Prior to the decision, the FDA's Antimicrobial Drugs Advisory Committee narrowly voted in favor of the benefits outweighing the risks for solithromycin (7-6). While the panel unanimously voted that the agent was effective (13-0) they felt that more evidence was needed for hepatotoxicity, which the panel felt was not adequately characterized (12-1).

In the CRL, the FDA recommended that Cempra, the company developing solithromycin, should conduct a new safety study to further characterize the liver toxicity seen with the antibiotic. This study, according to the FDA, would need to treat nearly 9,000 patients with solithromycin to effectively examine the probability of serious drug-induced liver injury.

The manufacturing plants in question were operated by Wockhardt Limited and Hospira, Inc. Cempra plans to provide an update to the FDA on activities at Uquifia, which is an alternate manufacturing facility for solithromycin.

"As the rates of antibiotic resistance continue to rise, there is an unmet medical need for new antibiotics to treat patients with CABP and Cempra is committed to working with the FDA to achieve the approval of solithromycin as quickly as possible," David Zaccardelli, Pharm.D. acting chief executive officer of Cempra, said in a statement.

Solithromycin is an oral and intravenous next-generation fluoroketolide. The agent is closely related to telithromycin, which has been associated with severe hepatotoxicity. This similarity caused the panel and the FDA to be cautious regarding the liver toxicity risks associated with solithromycin.

In the two clinical trials submitted to the FDA, solithromycin was shown to be non-inferior to moxifloxacin for the treatment of CABP. A pooled analysis from the two studies showed an early clinical response (ECR) of 77.2% with solithromycin compared with 78.9% for moxifloxacin (difference, -1.7%; 95% CI, -7.4 to 4.2). In a microbiological pooled assessment of the two studies, the ECR rates were 77.2% and 78.9%, for solithromycin and moxifloxacin, respectively (difference, -1.7; 95% CI, -7.7 to 4.2).

In the first study, known as SOLITAIRE-IV, 863 patients with CABP (PORT II-IV) were randomized 1:1 to solithromycin (n = 434) or moxifloxacin (n = 429) intravenously at 400 mg on day one with the option to step down to an oral once daily dose of each medication. The primary endpoint of ECR was assessed three days after the first dose of treatment.

The ECR in the solithromycin arm was 79.3% compared with 79.7% in the moxifloxacin group (different, -0.46%; 95% CI, -6.1 to 5.2). At short-term follow-up (SFU) visit five to 10 days post-therapy, clinical success was seen in 84.6% of those in the solithromycin arm and 88.6% in the moxifloxacin group (difference, -4.0%; -8.8 to 0.8).

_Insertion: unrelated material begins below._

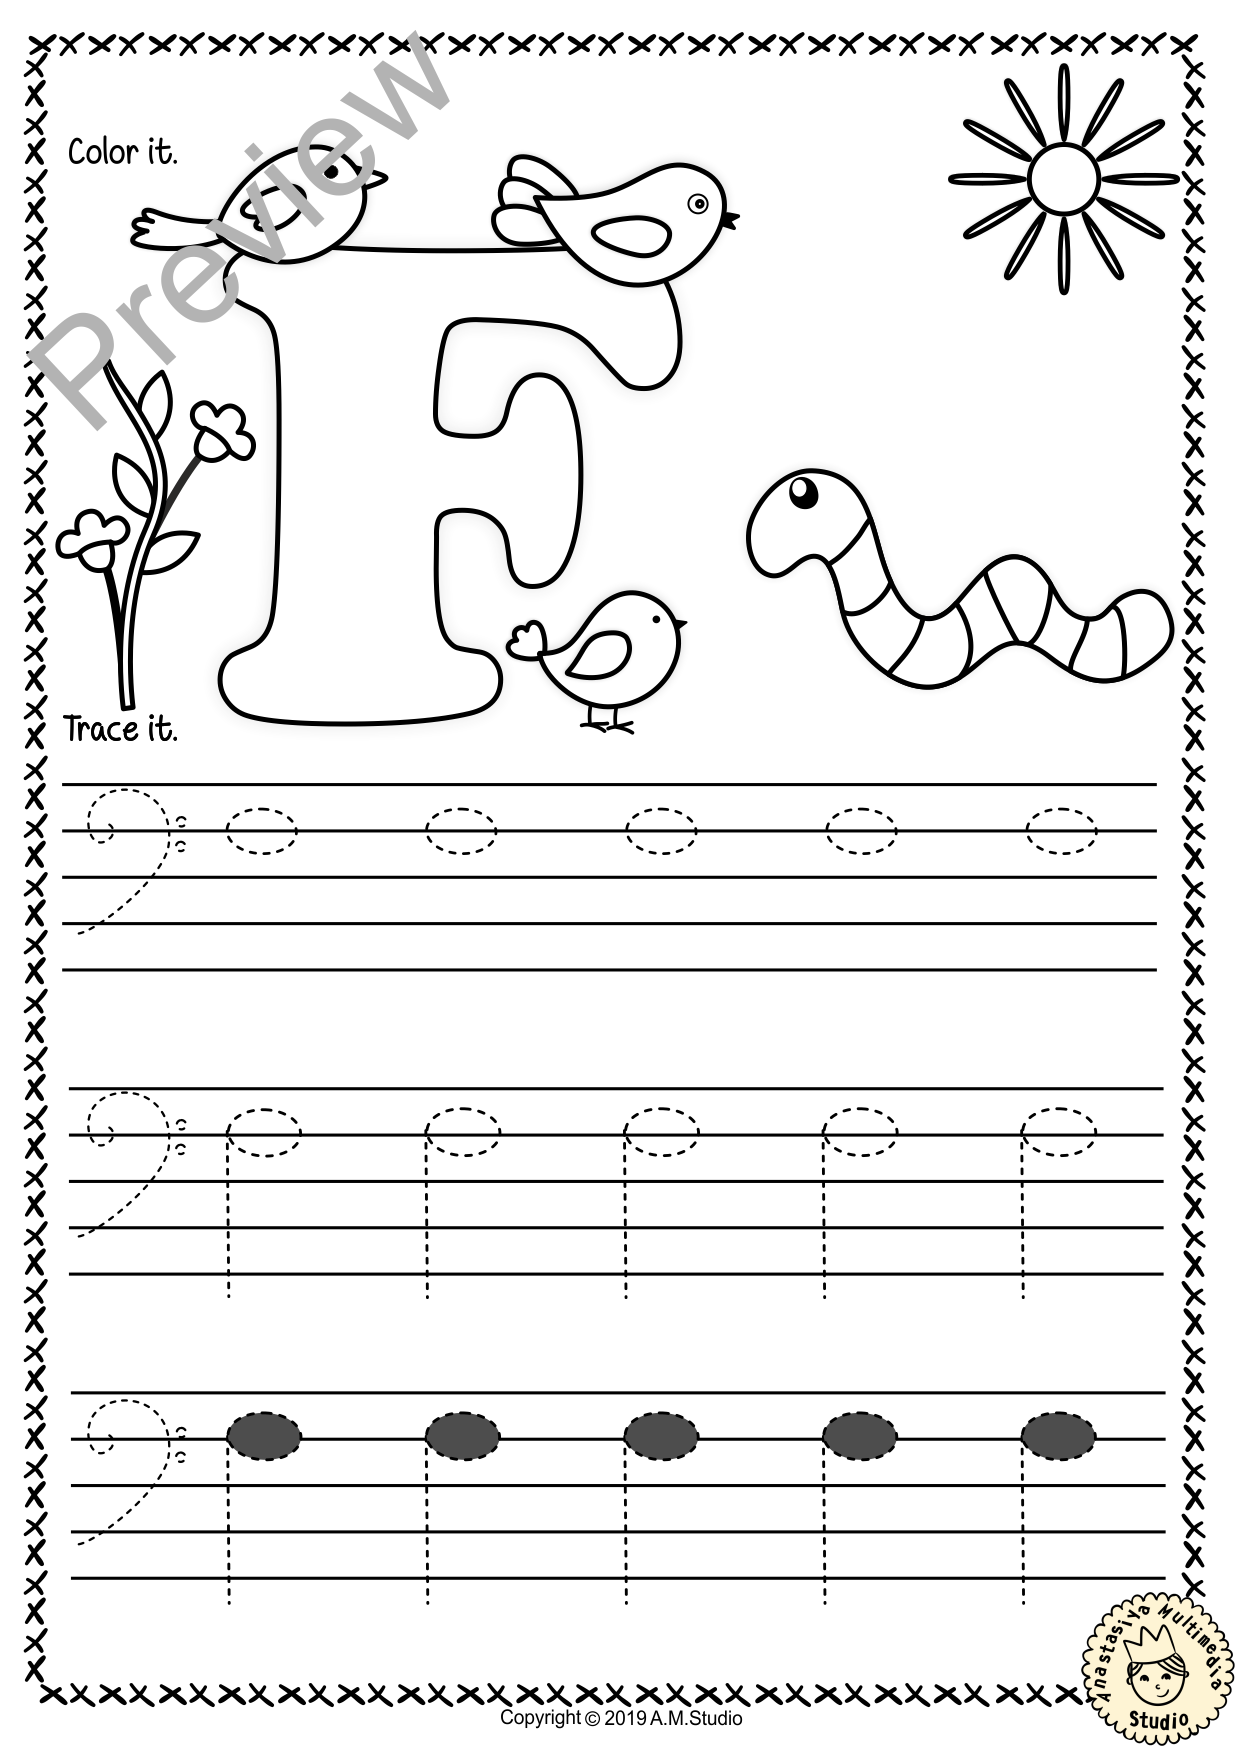 Bass Clef Tracing Music Notes Worksheets for Spring (img # 4)

In the second study, SOLITAIRE-ORAL, 860 patients with CABP (PORT II-IV) were randomized to oral solithromycin (n = 426) or oral moxifloxacin (n = 434). Solithromycin was administered for five days at a loading dose of 800 mg on day one followed by 400 mg on days two to five then a placebo for days six to seven. Moxifloxacin was given at 400 mg daily for seven days.

The ECR was 78.2% with solithromycin versus 77.9% with moxifloxacin (difference, 0.3%; 95% CI, -5.5 to 6.1). The clinical response at SFU was 84.5% with solithromycin versus 86.6% with moxifloxacin (difference, -2.1%; 95% CI, -7.1% to 2.8%).

In a pooled analysis of adverse events (AEs) from both studies, the most commonly observed AEs with solithromycin versus moxifloxacin, respectively, were diarrhea (4.3% vs 6.2%), headache (4.0% vs 3.4%), nausea (3.4% vs 2.8%), dizziness (2.3% vs 1.4%), and pneumonia (2.1% vs 1.2%). Across both studies, AEs led to treatment discontinuation for 4.2% of patients treated with solithromycin versus 3.3% with moxifloxacin.

ALT elevations of >three, >five, and >10 times the upper limit of normal (ULN) were seen in 7.2%, 2.4%, and 0.1% of patients in the solithromycin arm, as compared with 3.6%, 1%, and 0.2% of patients in the moxifloxacin group. ALT elevation was more common with IV-to-oral administration. The peak ALT elevations >three and >five times the ULN, respectively, were 9.1% and 3.1% with solithromycin versus 3.6% and 0.7% in the moxifloxacin arm.

In addition to CABP, solithromycin is also being explored in a phase 3 study for patients with uncomplicated urogenital gonorrhea (NCT02210325).